The Navigator V also plays nicely with both my headset and smartphone, whereas the Navigator IV didn’t like being simultaneously connected to both while they were connected to each other. It also conveniently snaps into the R1200’s locking cradle—which is theft-deterrent but certainly not theft proof—and is powered directly by the bike.

Device and map updates are carried out by plugging the unit into a computer and using the Garmin Express app—previous versions of this app have, quite frankly, been truly astounding pieces of programming poo, but Garmin has really pulled it together and the latest version works perfectly with a simple, attractively designed interface.

One complaint I mentioned in a previous post is that the unit only has 8gb of onboard storage (or a touch more than the size of the EU map)—this means after spending more than £500 on the device you have to fork out a silly £5 more for a micro SD card or it’s not possible to run a map update.

It’s very pricy, but it’s fully featured, fully integrated with the bike’s controls, and best of all, does everything it should, quickly, consistently and without any fuss.

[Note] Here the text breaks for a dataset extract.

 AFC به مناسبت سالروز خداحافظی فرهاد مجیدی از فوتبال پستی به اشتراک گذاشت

Photo: BMW Navigator V—£549 (with maps of Europe and no mount/cradle)

1. Smartphone

The smartphone is the one device I would struggle to live without and stays firmly in 1st place on my list. It’s a single device which can be a camera/video camera, a GPS, a computer, a tablet, a debit or credit card, a music player, a compass, a pedometer, an alarm clock, a television, a boarding pass and so on. Oh, and it makes calls obviously.

If I could only bring one device on this list when travelling, it would be my smartphone—since 2013 I’ve moved from the 4” iPhone 5 to the 5.5” iPhone 6s plus which means the phone now fulfils many of the functions of a tablet.

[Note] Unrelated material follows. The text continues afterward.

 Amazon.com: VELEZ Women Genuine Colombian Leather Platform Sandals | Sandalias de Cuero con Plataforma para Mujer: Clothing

The camera on the 6s is really very good—as good in most conditions as the XF1 above, and not too far off the Nikon D7000. An added bonus is that photos and videos automatically synchronise to my computer wirelessly.

With ApplePay available almost everywhere in the UK (due to our contactless infrastructure introduced nearly a decade ago) it replaces my wallet for most day-to-day payments—in fact it’s becoming quite rare to find a shop which doesn’t take contactless payments yet.

I keep PDFs of my device and bike handbooks, insurance documents etc on the phone so everything is easily accessible in one place. As everything backs up to the cloud, even if the worst happens (phone drops down a sewer, for example) all my files, photos and information can still be accessed from a computer, and if it gets lost or stolen it can be wiped remotely.

Essential to the functionality of a smartphone of course a generous data plan. I have an unlimited data plan on Three which includes free roaming in most EU countries—this costs a reasonable £17/month.

Whichever smartphone you choose, it is an indispensable tool for travel—I would be lost without mine!